NORDESTE: Qual o quinhão que comporta a Pernambuco, seu estado?
Paulo: Não trabalho com essa lógica do “quinhão”. Os projetos devem obedecer a uma lógica regional e de importância social, econômica e ambiental. Todos os Estados que compõem a área de atuação da SUDENE deverão receber projetos dentro dessa ótica. É como deve ser a atuação de um presidente, um governador, um prefeito. Tenho que olhar para o todo. Mas é claro que tenho muito orgulho quando Pernambuco é beneficiado com um projeto estruturador e que beneficia sua população.

NORDESTE: De que forma o senhor vê a insistência de setores da sociedade em interromper o mandato dA presidenta Dilma Rousseff?
Paulo: Vejo como um profundo desrespeito à nossa democracia e às instituições e aos símbolos do País. É inadmissível o que estão fazendo com a presidenta Dilma e com o País. Temos apenas 30 anos ininterruptos de direitos constitucionais garantidos e estamos começando a nos sentir, ver e nos respeitar como cidadãs e cidadãos. Dilma Rousseff foi eleita para mais um mandato com mais de 54 milhões de votos dos brasileiros. Isso tem que ser respeitado. Os setores sociais organizados e a população em geral já perceberam as manobras sucessivas, via parlamento e mídia, para criar um clima de golpe. Nessas pregações liberticidas vemos até aberrações, como pedidos da volta de uma ditadura. Não vamos aceitar retrocessos. Precisamos deixar nossa presidenta trabalhar, pois só assim seremos capazes de enfrentar a crise econômica mundial. Não existe alternativa democrática fora a continuação de Dilma. O que está sendo feito no Congresso, por exemplo, é a banalização do instrumento do impeachment. Afinal, não existe nada contra a figura da presidenta. Se uma anomalia dessas passa, nenhum futuro presidente se sentirá seguro em seu cargo – voltaremos aos velhos tempos de golpismo na América Latina. Esse tempo já passou.

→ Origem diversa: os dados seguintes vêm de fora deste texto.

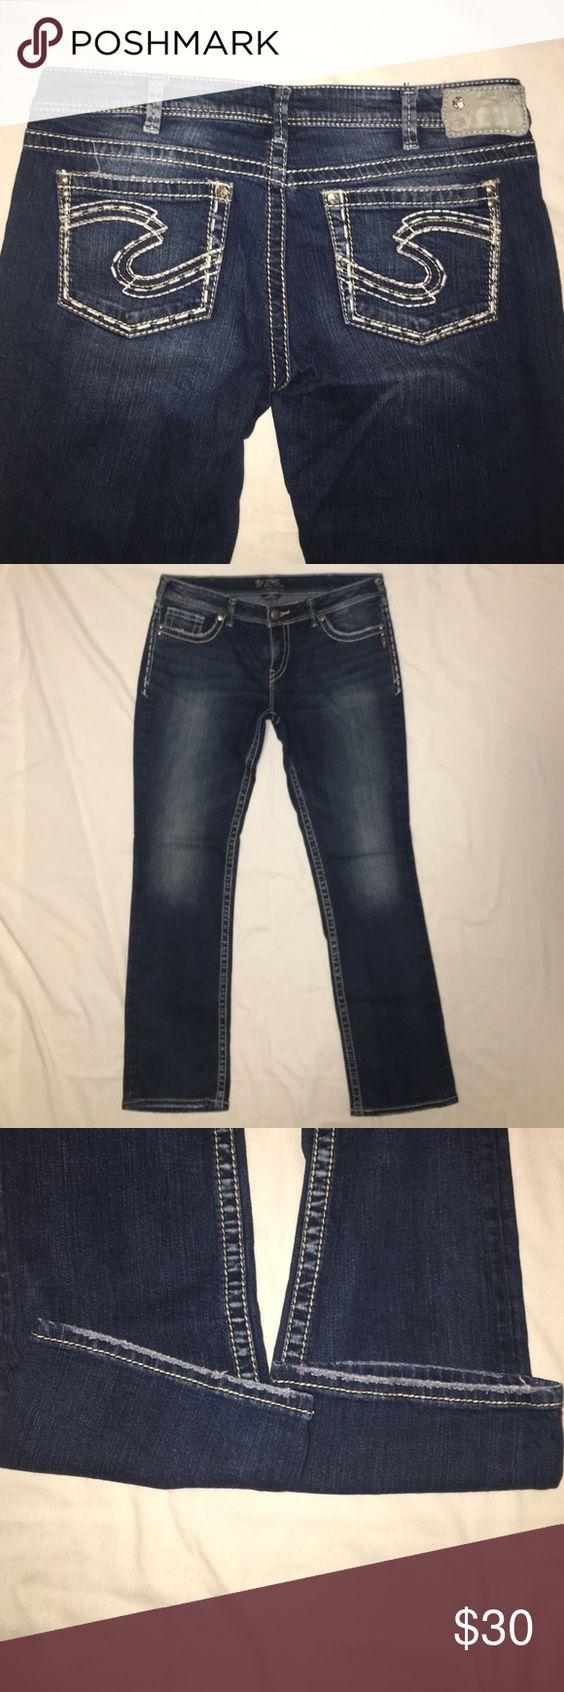 Silver Jeans Aiko W34/L33

NORDESTE: Quando o senhor irá aos demais estados?
Paulo: Estou ainda tomando pé da situação e acompanhando a execução dos projetos. Mas essas viagens serão feitas em breve, em sintonia com o Ministério de Integração. Mas uma coisa já é certa – a próxima reunião do Conselho Deliberativo da SUDENE (Condel) será um momento importante para o Nordeste e para a SUDENE. Temos de fazer uma grande discussão sobre as mudanças climáticas, o novo perímetro do semiárido brasileiro e a previsões que indicam a pior estiagem dos últimos 50 anos com a chegada do El Niño. São discussões importantes que merecem toda atenção do Condel para preparar a região no enfrentamento de grandes desafios.